Within the statistical time window, the total number of requests must reach a certain magnitude before Hystrix may open the fuse and enter the fuse-on transition state, and this request magnitude is the total number of requests threshold. The default threshold for the total number of Hystrix requests is 20, which means that within the statistical time window, if the number of service calls is less than 20, even if all requests are called with errors, the circuit breaker will not be opened.

circuitBreaker.errorThresholdPercentage Error percentage threshold.

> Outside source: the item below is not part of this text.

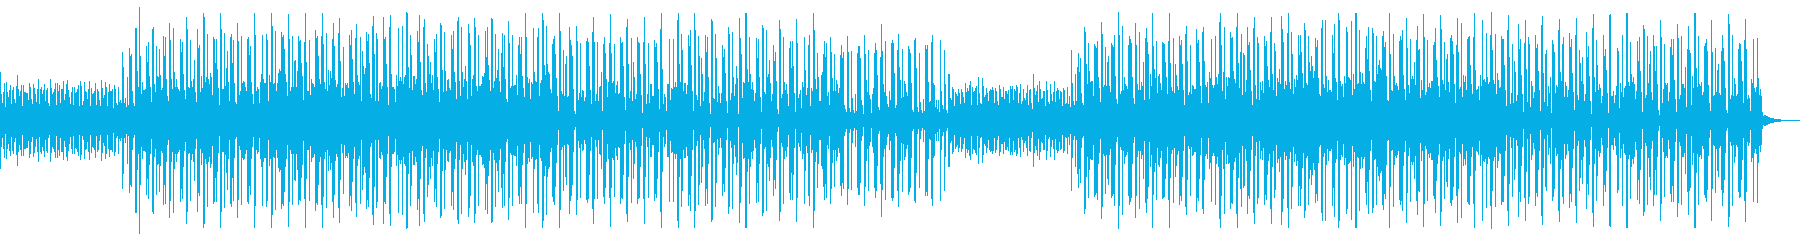 少しダークで疾走感のあるテクノの再生済みの波形

When the total number of requests exceeds the total number of requests threshold within the statistical time window, and the request call error rate exceeds a certain ratio, the fuse will open and enter the fuse-on transition state, and this ratio is the error percentage threshold. Setting the error percentage threshold to 50 means that the error percentage is 50%. If the service makes 30 calls and 15 of them have errors, that is, the error percentage exceeds 50%, the fuse will be opened at this time.

3.5.2, Example

@HystrixCommand(fallbackMethod = "paymentCircuitBreaker_fallback",commandProperties = {<!-- -->
        @HystrixProperty(name = "circuitBreaker.enabled",value = "true"), // Whether to turn on the circuit breaker
        @HystrixProperty(name = "metrics.rollingStats.timeInMilliseconds",value = "10000")//time window 10 seconds
        @HystrixProperty(name = "circuitBreaker.requestVolumeThreshold",value = "10"),//Number of requests
        @HystrixProperty(name = "circuitBreaker.sleepWindowInMilliseconds",value = "30000"), // Time window period
        @HystrixProperty(name = "circuitBreaker.errorThresholdPercentage",value = "60"),//The failure rate reaches what level before tripping
})
public interface UserService {<!-- -->
    public String paymentCircuitBreaker(@PathVariable("id") Integer id);
}
@Service
public class UserServiceImpl implements UserService {<!-- -->
    @Override
    @HystrixCommand(fallbackMethod = "paymentCircuitBreakerFallback",commandProperties = {<!-- -->
            @HystrixProperty(name = "circuitBreaker.enabled",value = "true"), // Whether to turn on the circuit breaker
            @HystrixProperty(name = HystrixPropertiesManager.METRICS_ROLLING_STATS_TIME_IN_MILLISECONDS,value = "10000"),
            @HystrixProperty(name = HystrixPropertiesManager.CIRCUIT_BREAKER_REQUEST_VOLUME_THRESHOLD,value = "10"),//Number of requests
            @HystrixProperty(name = "circuitBreaker.sleepWindowInMilliseconds",value = "30000"), // Time window period
            @HystrixProperty(name = "circuitBreaker.errorThresholdPercentage",value = "60"),//The failure rate reaches what level before tripping
    })
    public String paymentCircuitBreaker(Integer id) {<!-- -->
        if(id < 0) {<!-- -->
            throw new RuntimeException("******id cannot be negative");
        }
        String serialNumber = UUID.randomUUID().toString();
        return Thread.currentThread().getName() + "\t" + "The call was successful, serial number: " + serialNumber;
    }
    
    public String paymentCircuitBreakerFallback(@PathVariable("id") Integer id) {<!-- -->
        return "id cannot be negative, please try again later, /(ㄒoㄒ)/~~ id: " + id;
    }
}

Summary

Hystrix is a library open sourced by Netflix for handling latency and fault tolerance in distributed systems. It improves the availability and stability of distributed systems through resource isolation, service degradation, circuit breakers and other methods. In this chapter, we introduce the specific methods of fuses and global fuses in Hystrix, and make it easier for everyone to understand the role of Hystrix circuit breakers through practical exercises.